I want to start hearing about the kids who stayed in church. I want to hear the stories of Christian kids who grow up and go on for God. I want to hear about the successes of Godly, Christian parents who are proactively working with the church’s youth leaders to develop strong, stable, and mature Christ-followers who as young adults decide to stay engaged in the church.

I know many of these young adults who are absolutely committed to Christ and His claims on their lives. Some of them are currently in college, others are in the military or work force, and many of them are currently living productive live as God-honoring adults.

So, what can Christian parents do to help their children to grow up and go on for God? I’m convinced that we must look to the Scriptures for the answers! In the pages of the New Testament we are told the stories of some young people who grew up before our eyes (so to speak) in the Biblical narrative and who continued to live for God long into their adult lives. One of those young men was Timothy. We meet him in Acts 16 as a young man growing up in church and we read his story throughout the Epistles, including Paul’s last letter to him in 2 Timothy. There are many things in the Bible that we can learn about Timothy, but for the sake of this quick post lets talk a look at some of the things his parents (especially his mother, Eunice – see 2 Timothy 1:5) did right.

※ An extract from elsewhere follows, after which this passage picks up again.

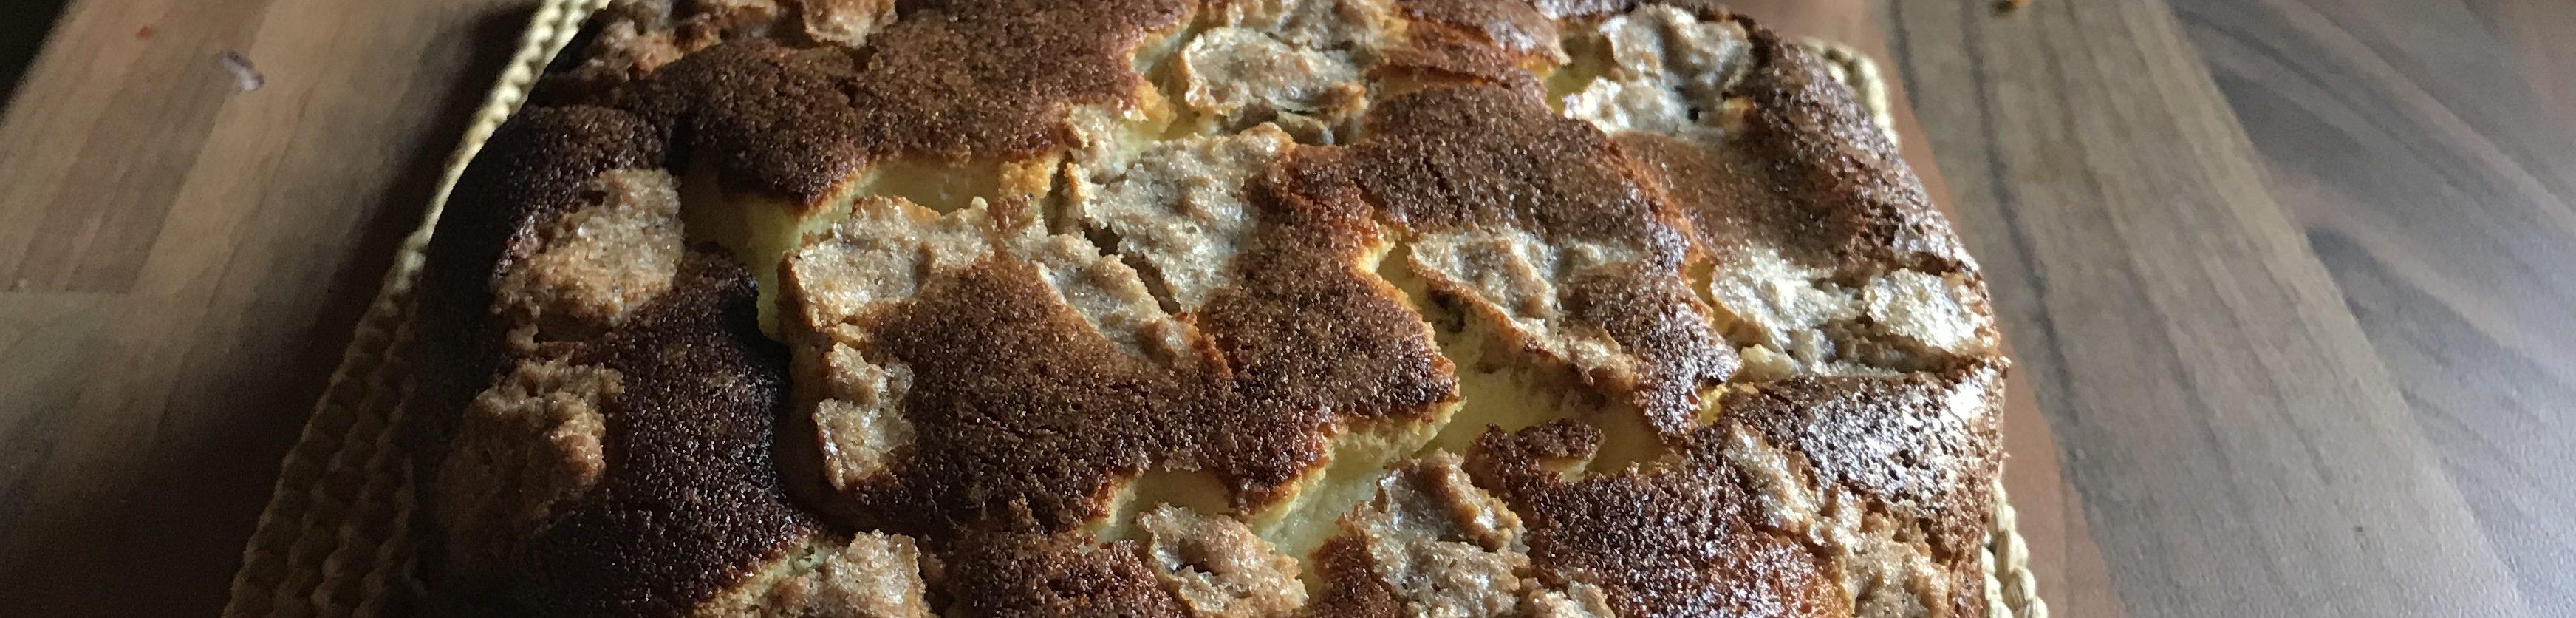 Zupfkuchen (Muffins)

It’s important to note that parenting is never a formula or a recipe. It doesn’t work to frivolously think that a few quick ideas lead to spiritual success with our kids. However, if we look at the sweeping principles that seemed to guide this family, we can take away some very practical advice for raising our own kids for God today.

A Consistent Lifestyle – 2 Timothy 1:5

Probably the most obvious thing that this family did right was Eunice’s and Lois’ consistent or genuine walk with God. The Bible calls theirs an “unfeigned” (KJV) or un-faked faith! Timothy’s mom and grandmother demonstrated a genuine relationship with God – and it impacted Timothy. Notice in verse 5 that Timothy also demonstrated a genuine faith. He grew up and went on for God – and that’s what we want from our kids, too.

Communication of God’s Word – 2 Timothy 3:15

The second thing this family did right was that they made it a priority to communicate Biblical truth. Notice that from his earliest days, Timothy learned the Scriptures. The next two verses (2 Timothy 3:16 & 17) reveal that this strategy was much more than a rote memorization of the Text. He also learned that Biblical principles are “profitable” for life and that these principles lead to true spiritual maturity.

Collaboration with the Church

There’s another key element to their strategy that is worth identifying and that is their cooperation with the church to help develop Timothy’s faith. Acts 16 identifies him as a “disciple”, who as a young man already had a good testimony with the other believers. He also was personally selected by the Apostle Paul to go along on this missionary journey. The text expounds on the purpose of their ministry, “So the churches were strengthened in the faith and grew daily in numbers. (NIV)” Obviously, the church was a priority to young Timothy. He grew up in church and committed himself to a church-based ministry.

Concern for People and Culture

The Acts 16 passage also presents an interesting scenario of Timothy’s circumcision even though his was a Greek (see verse 1). He perhaps was willing to submit to this cultural ritual due to the cross-cultural background in his own family. This somewhat dysfunctional family environment undoubtedly produced a heart-felt concern for other people and a genuine sensitivity for others.

Commitment to Ministry

The final positive thing I’d like to identify from this family was their dedication to God’s work. They were willing to allow their son to follow Paul along on this journey. Without any visible hesitation on anyone’s part Timothy joined the missionary team and set off on what was the beginning of his call to vocational ministry.

Timothy was a young man who grew up and went on for God. The narrative of Scripture points out some identifiable things that helped in this process. Perhaps there is practical wisdom here for today’s Christian families to implement into the fabric of raising their own kids.

May God bless you as you seek to impact the next generation for eternity.